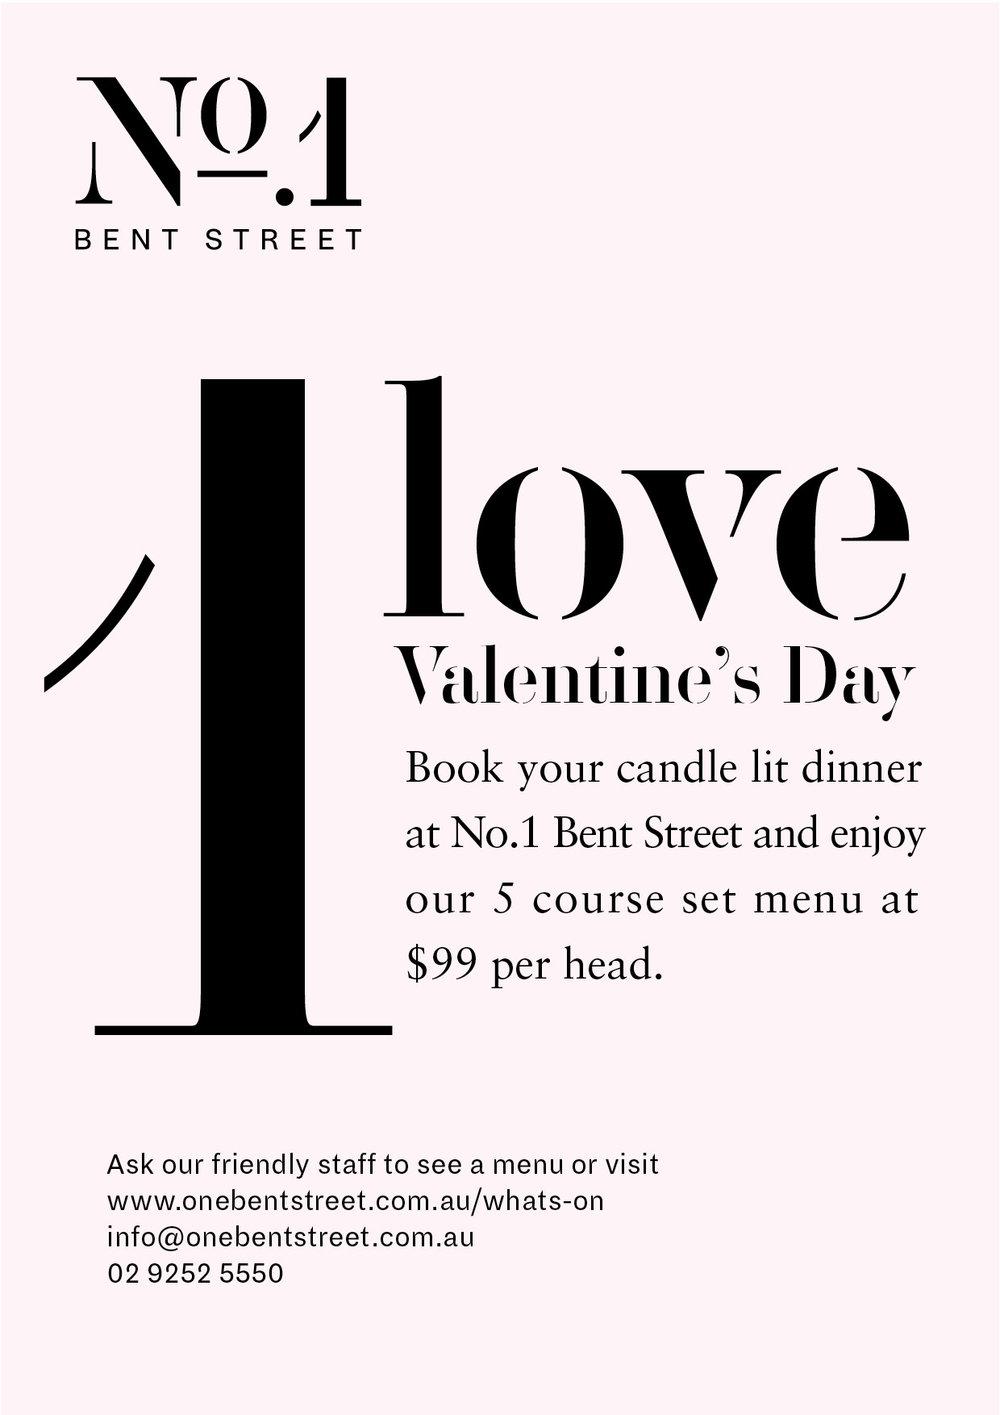 Valentines Day Menu Sydney CBD
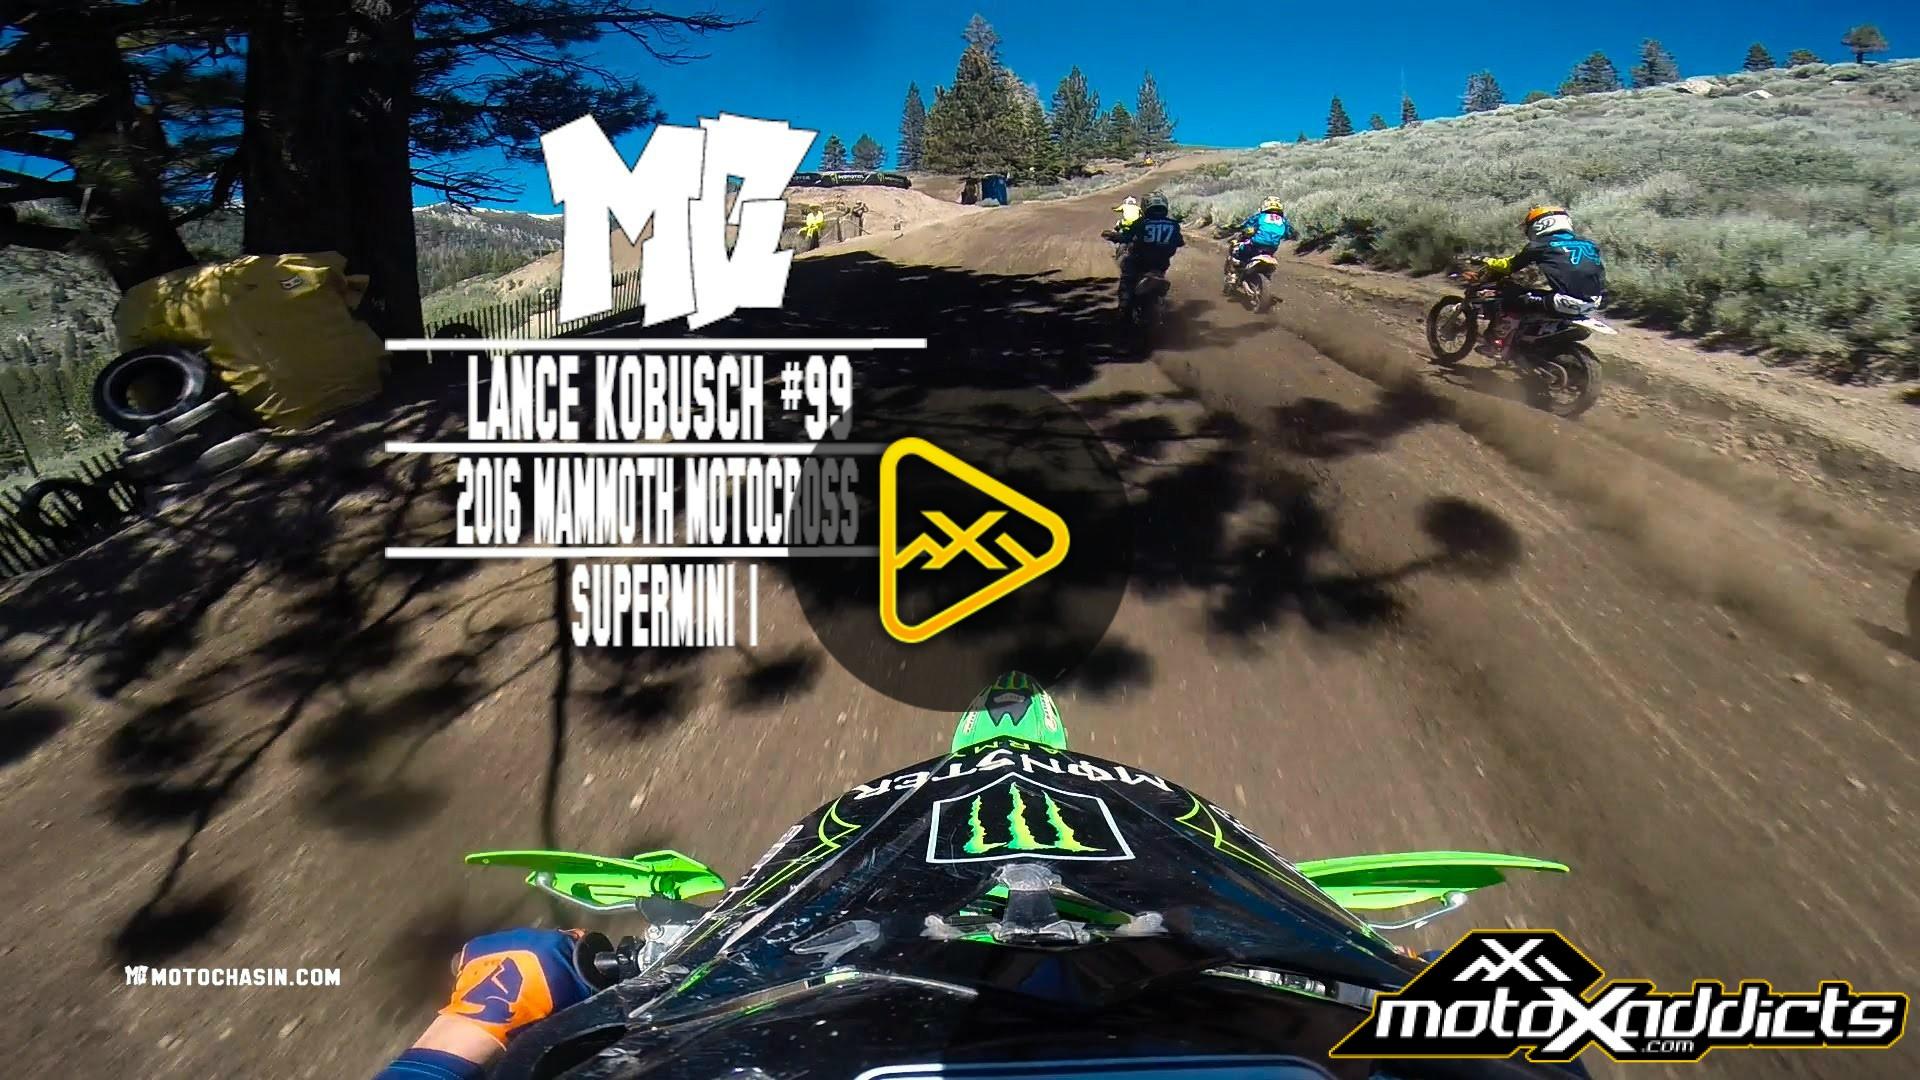 Helmet Cam: Lance Kobusch Pushes his Supermini at Mammoth MX
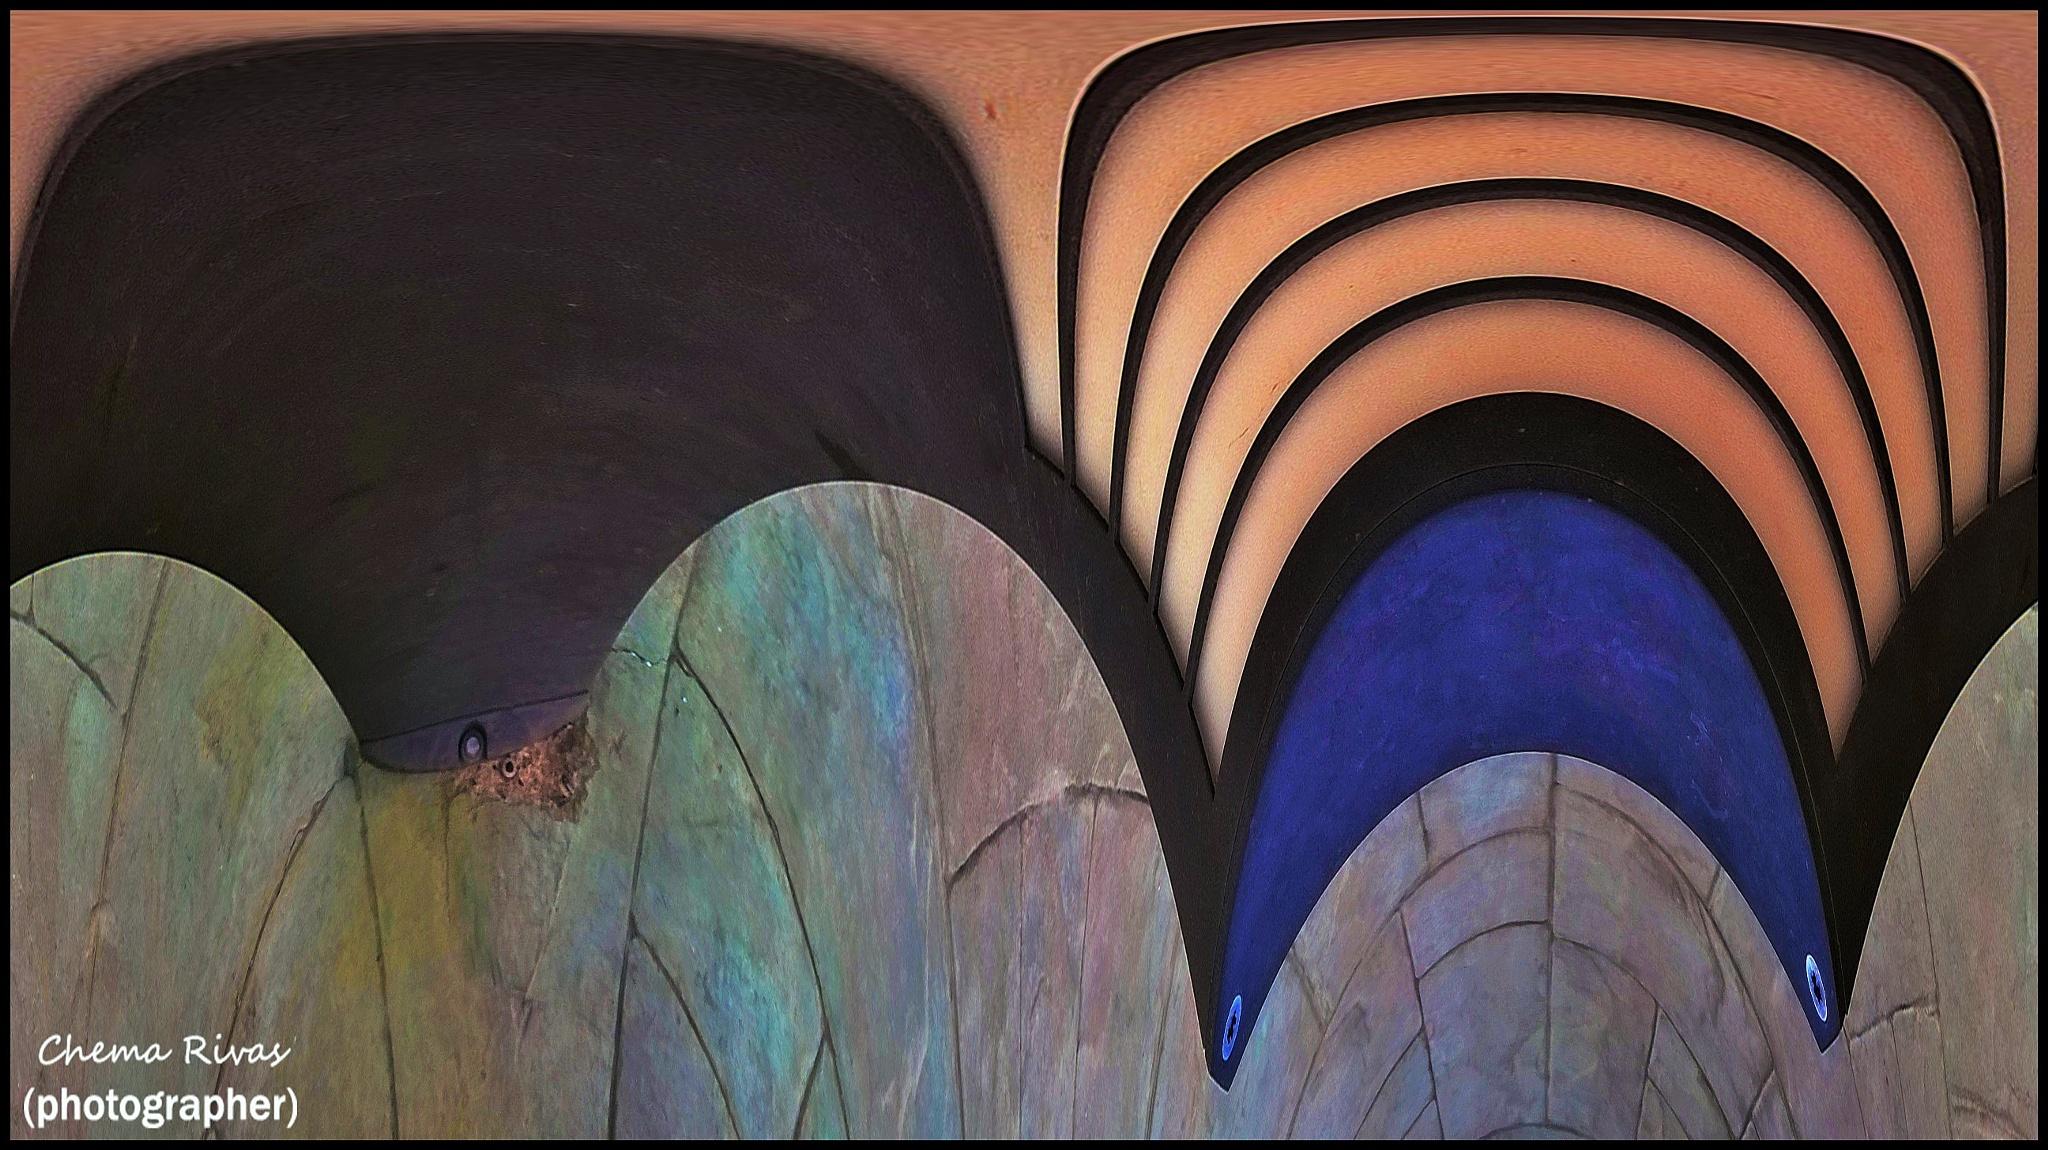 Serie abstracta 2 by Chema Rivas

## [TASK PROMPT]
Your reply should hold only the lines running from the one with "Helmet Cam: Lance" to the end of the data above, set down exactly, pictures omitted.

## [REPLY]
 Helmet Cam: Lance Kobusch Pushes his Supermini at Mammoth MX
 Serie abstracta 2 by Chema Rivas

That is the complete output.